Прибывавшие гонцы торопливо, с испугом шептали что-то на ухо Сиятельному. После, прикрывая рукавом лицо, смущённые гонцы спешили к Императору. Один, второй, третий... Пятнадцать гонцов и с ними – никого. Время расцвета жреческой касты  миновало: священная сила убывала. Из немногих перерожденцев кто умер, кто был слишком стар или ещё ребёнок. Странные неожиданные хвори постигли зрелых. А кто-то и просто не пожелал ехать.

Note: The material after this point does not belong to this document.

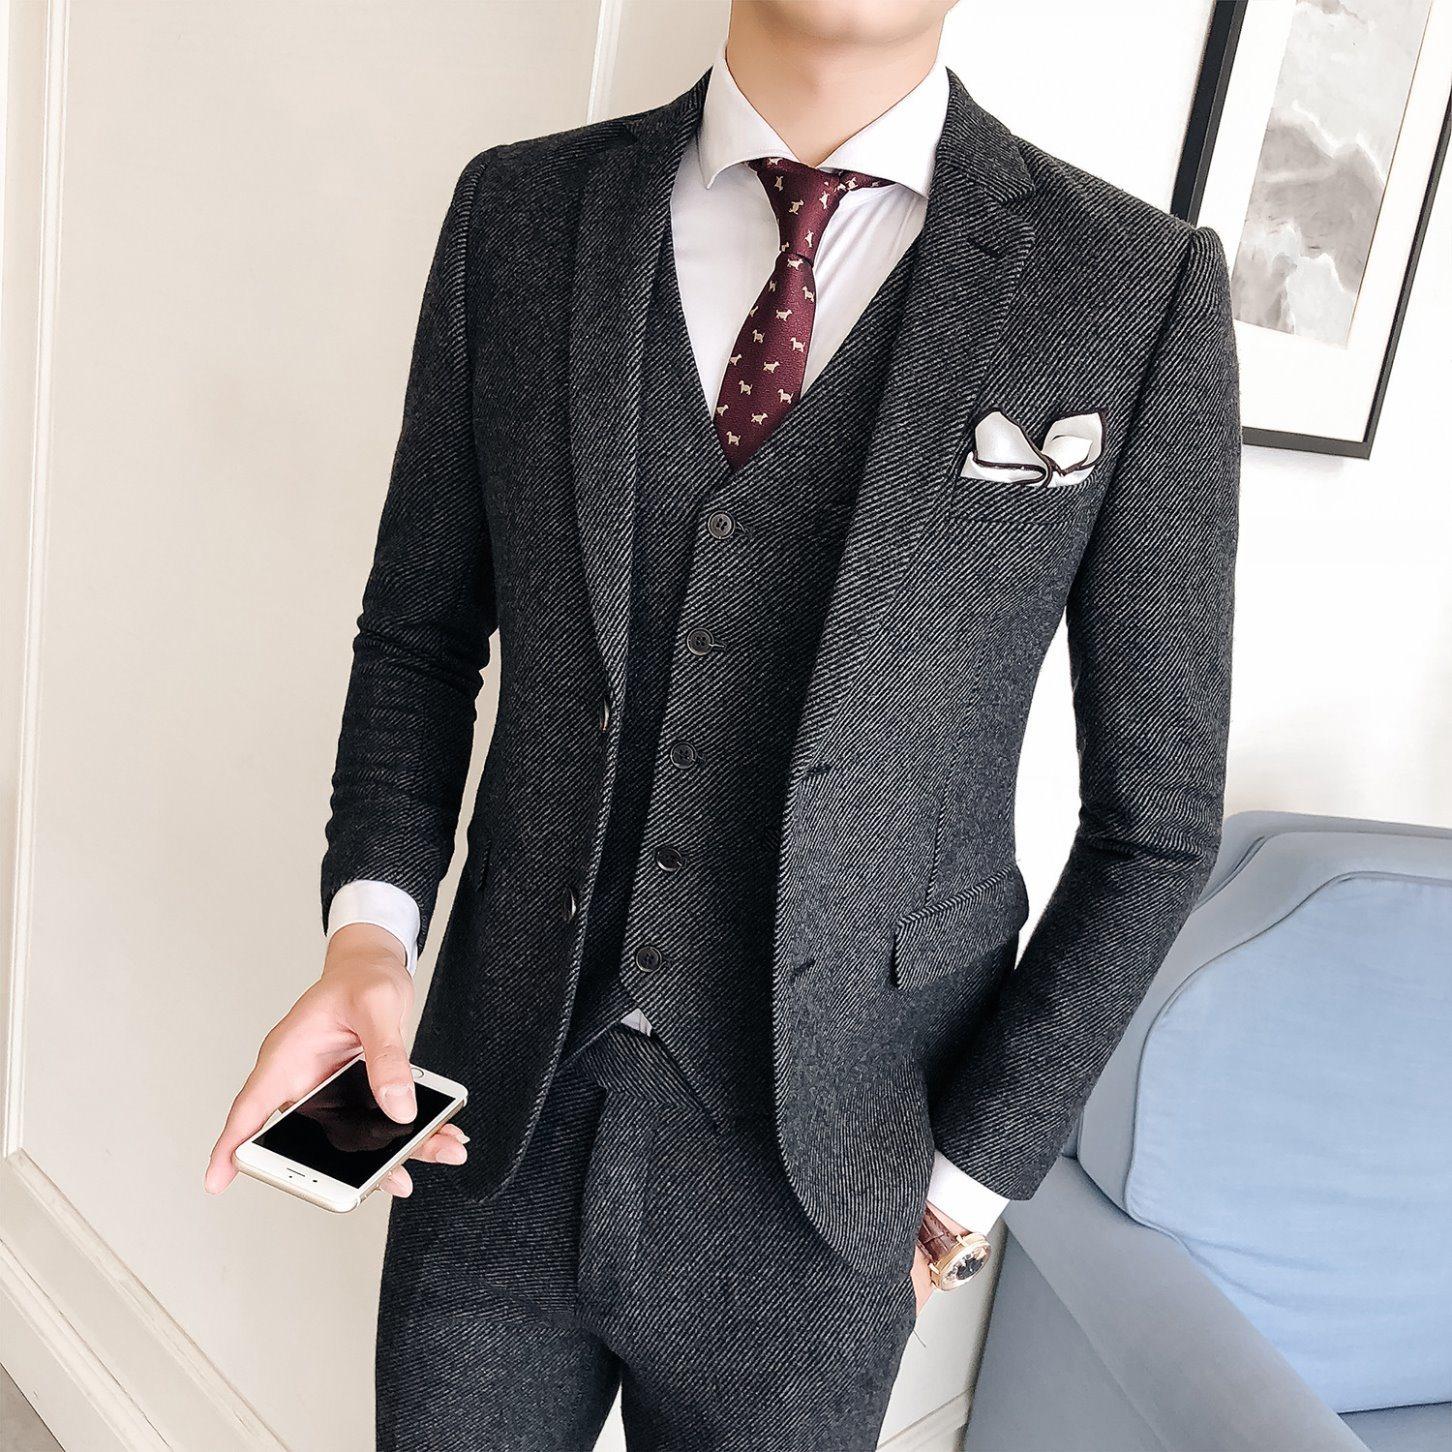 men's apparel business

 Говорят, что ранее даже умирающих жрецов доставляли к обряду на носилках, и они, будто бы, на нужный срок вставали. Теперь же ветер судьбы оставил нас – улетел прочь, а отменить назначенное действо было уже невозможно. Заменить судьбой предназначенных к исполнению низшими жрецами – немыслимо. И среди оглушительного, неправдоподобного для огромной толпы испуганного молчания Сиятельный хлопнул в ладоши:

– Ветер судьбы всесилен. Ждать долее времени нет. Думал я быть сегодня зрителем... Я не могу ходить, но отсюда, с трона, начну и поведу, – остальные исполнят до конца. Молитвы мои услышаны небом. И уход мой завиден: на этом последнем обряде дух мой вознесётся вместе с пламенем к небу. Не расплетайте мне косы!

Священнодействующие на больших обрядах распускали волосы. Когда жрец умирал, заплетенные косы до половины обрезали и возлагали на алтарь, а тело торжественно сжигали, и священный пепел закладывали в монастырские стены. Конечно, Сиятельный стар, но вот так внезапно уходить?! Кажется, я заплакал, но сжёгший мои слёзы ответный взгляд старца мог бы осушить и океан.

– Подайте мне текст Великого обряд Небесного пламени! И встаньте рядом, Предназначенные. Я вынужден внести сокращения и перераспределить роли.
Тут фиолетовой змеёю молнии вспыхнувшее осознание наконец настигло меня запоздалым ударом: так вот что сулила гроза в ночь моего возведения на трон! Предназначенные – вместо восьми сильнейших – старец, двое неопытных юнцов и только один в силе...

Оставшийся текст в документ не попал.